Additional Book Information
Series: New York Review Books
Publication Date: February 9, 2021
Fragments of an Infinite MemoryMy Life with the Internet
by Maël Renouard, translated from the French by Peter Behrman de Sinéty
“One day, as I was daydreaming on the boulevard Beaumarchais, I had the idea—it came and went in a flash, almost in spite of myself—of Googling to find out what I’d been up to and where I’d been two evenings before, at five o’clock, since I couldn’t remember on my own.” So begins Maël Renouard’s Fragments of an Infinite Memory, a provocative and elegant inquiry into life in a wireless world. Renouard is old enough to remember life before the internet but young enough to have fully accommodated his life to the internet and the gadgets that support it.
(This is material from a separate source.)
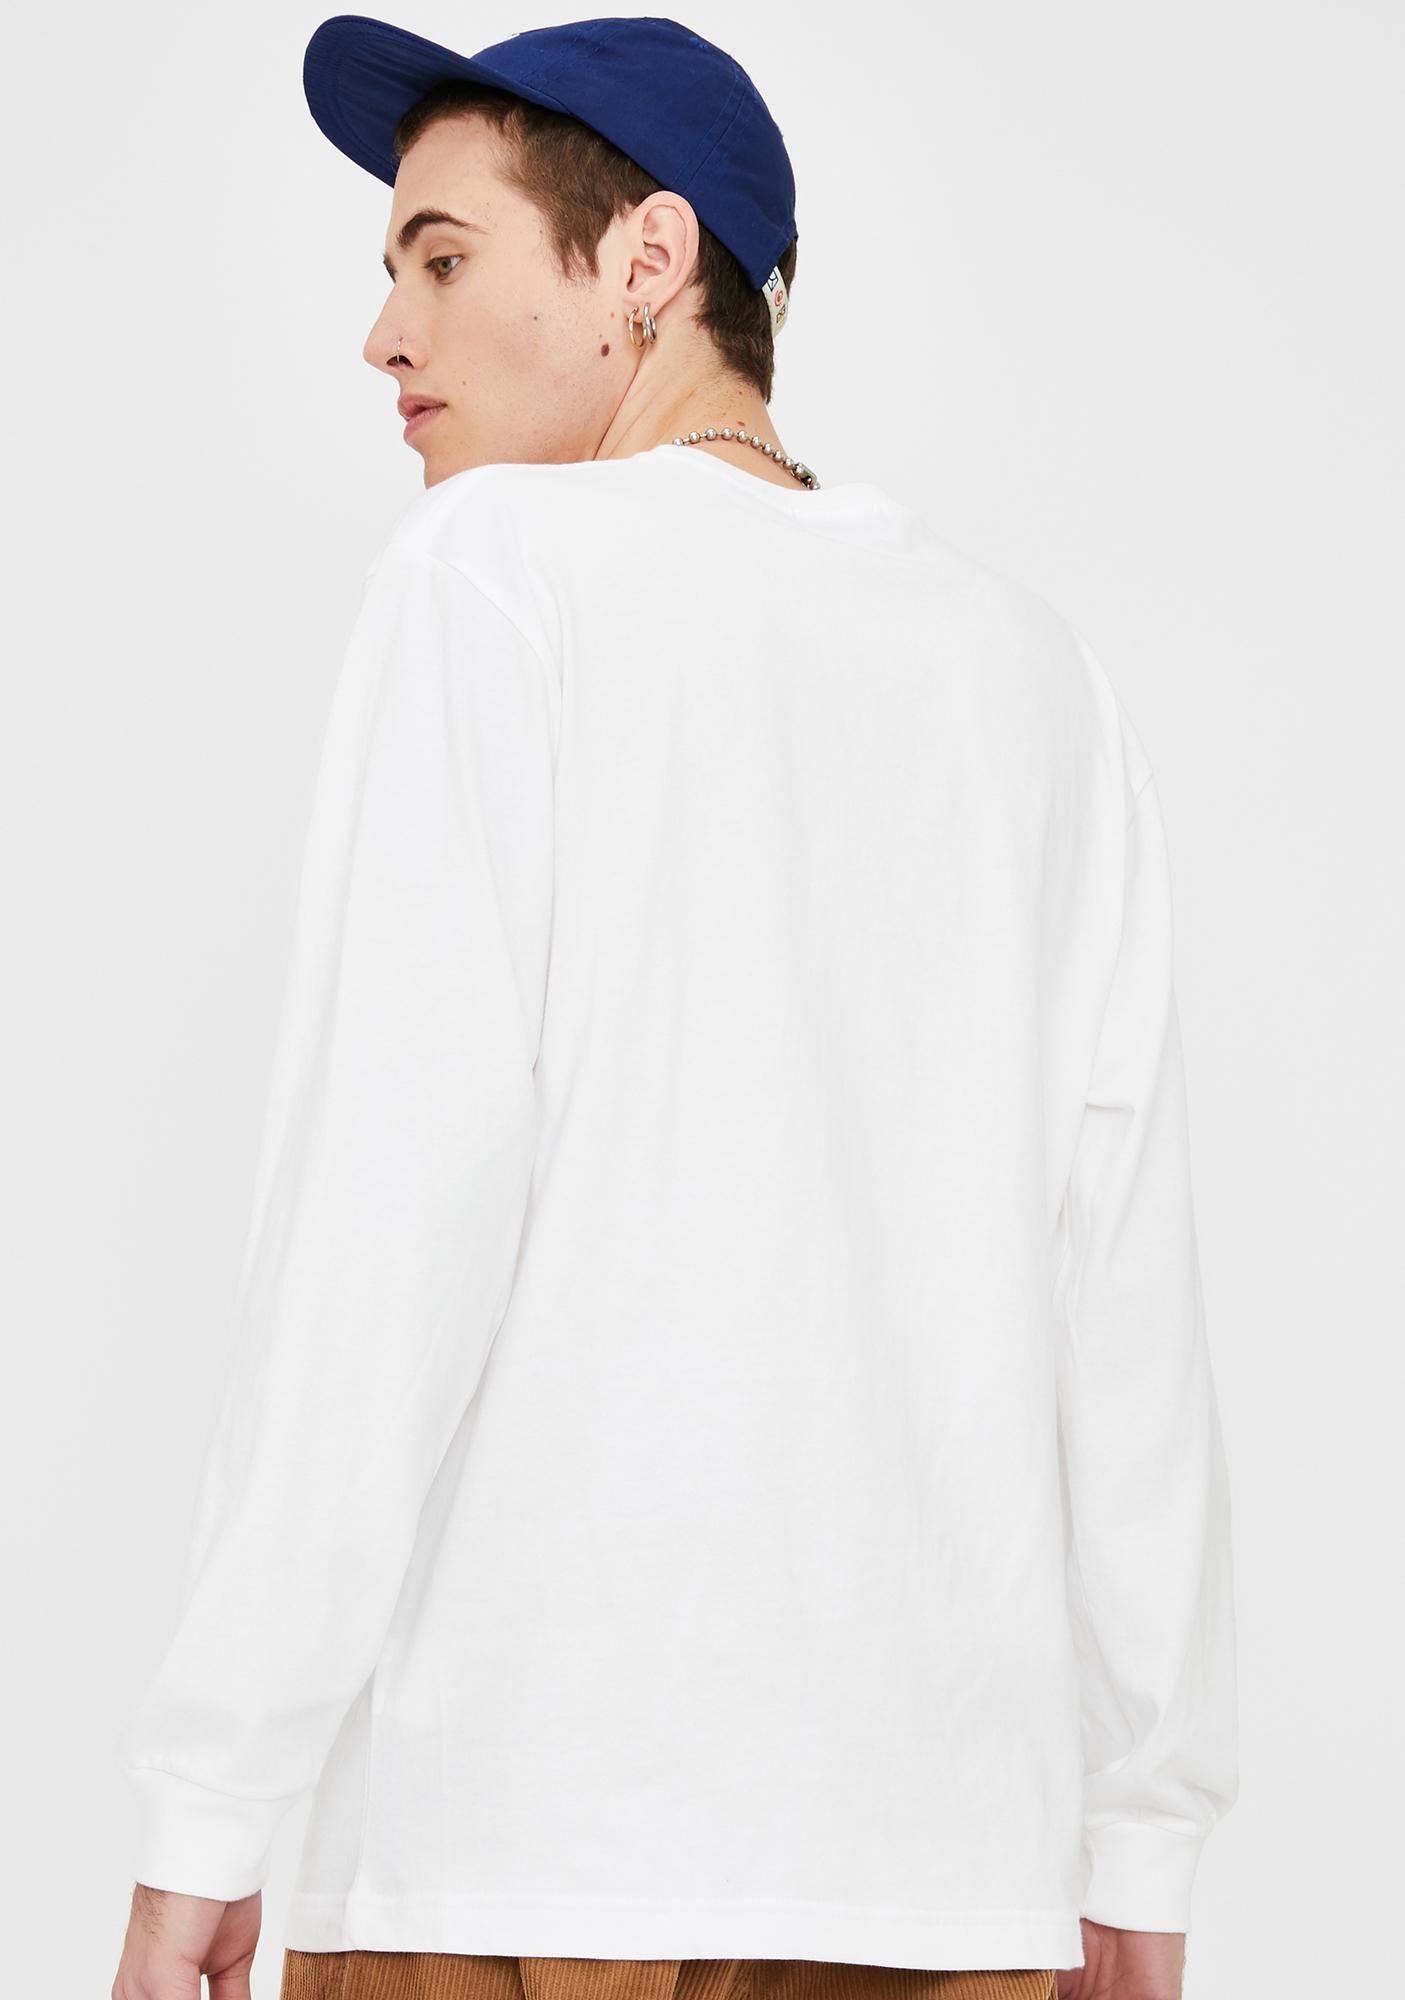 XLARGE White Flower Long Sleeve Graphic Tee

Here this young philosopher, novelist, and translator tries out a series of conjectures on how human experience, especially the sense of self, is being changed by our continual engagement with a memory that is impersonal and effectively boundless. Renouard has written a book that is rigorously impressionistic, deeply informed historically and culturally, but is also playful, ironic, personal, and formally adventurous, a book that withstands comparison to the best of Roland Barthes and Jean Baudrillard.
Using films, books, and personal experiences as touchstones, Renouard offers a thoughtful consideration not of the internet’s properties or even its possibilities but how its very presence changes us as human beings. A pleasing metaphysical ramble through the nexus of self, emotion, memory, and experience in the digital age.
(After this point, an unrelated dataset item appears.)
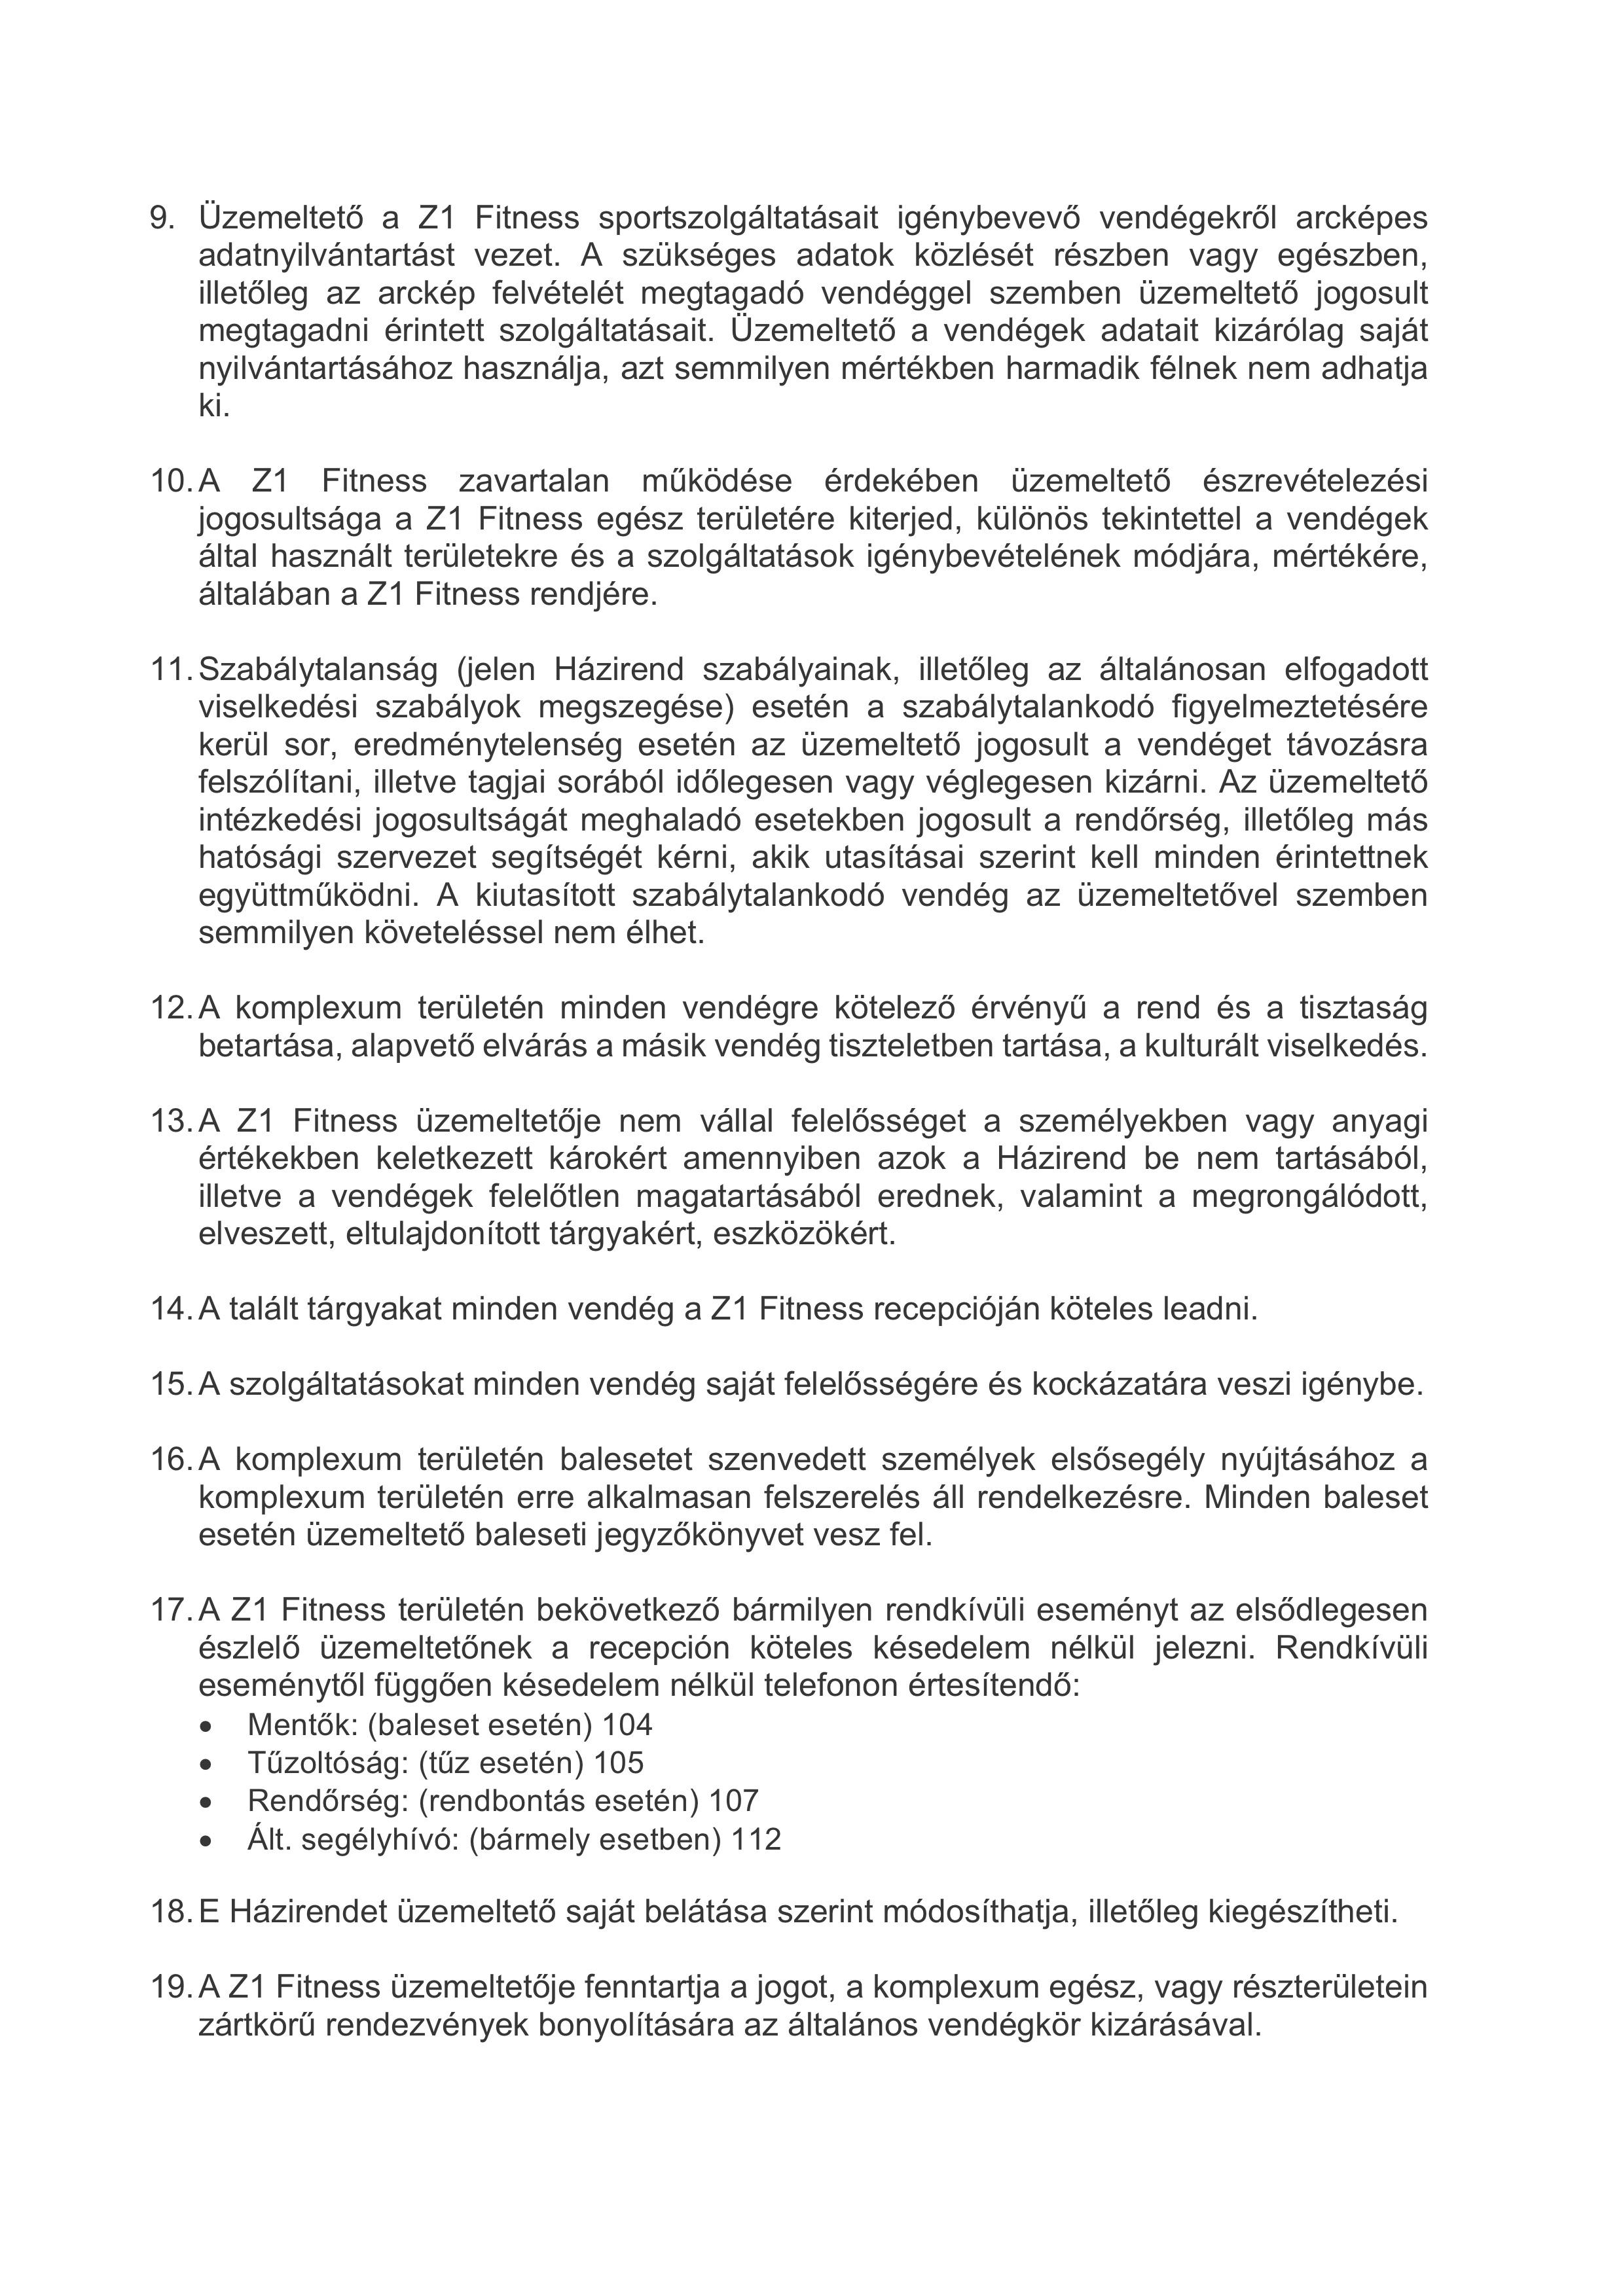 altalanos_szabalyok2

Fragments of an Infinite Memory, translated beautifully from the French by Peter Behrman de Sinéty, is a meditation on the many ways that the internet has changed how we register, remember, and forget the past. . . This is not a how-to manual or a guide to overcoming internet addiction, nor is it a nostalgic paean to the analog days before the information superhighway. No, Renouard’s book is something that we don’t see enough of—a clear-eyed and not particularly sentimental look at the role played by the internet in our intellectual lives.
—Kate Prengel, Words Without Borders
Maël Renouard turns cultural theory on its head: in his brave new world, it is the internet that meditates on Proust, not the other way round.
Maël Renouard’s zigzagging essay in search of time lost, time wasted—the time lost and wasted in the virtual world of the internet—is elegant, brilliant, and urgent.
Maël Renouard takes us on a conceptual adventure, meditating on what remains and what is forgotten and observing the progressive annexation of our interiority by the external and infinite memory that is the internet.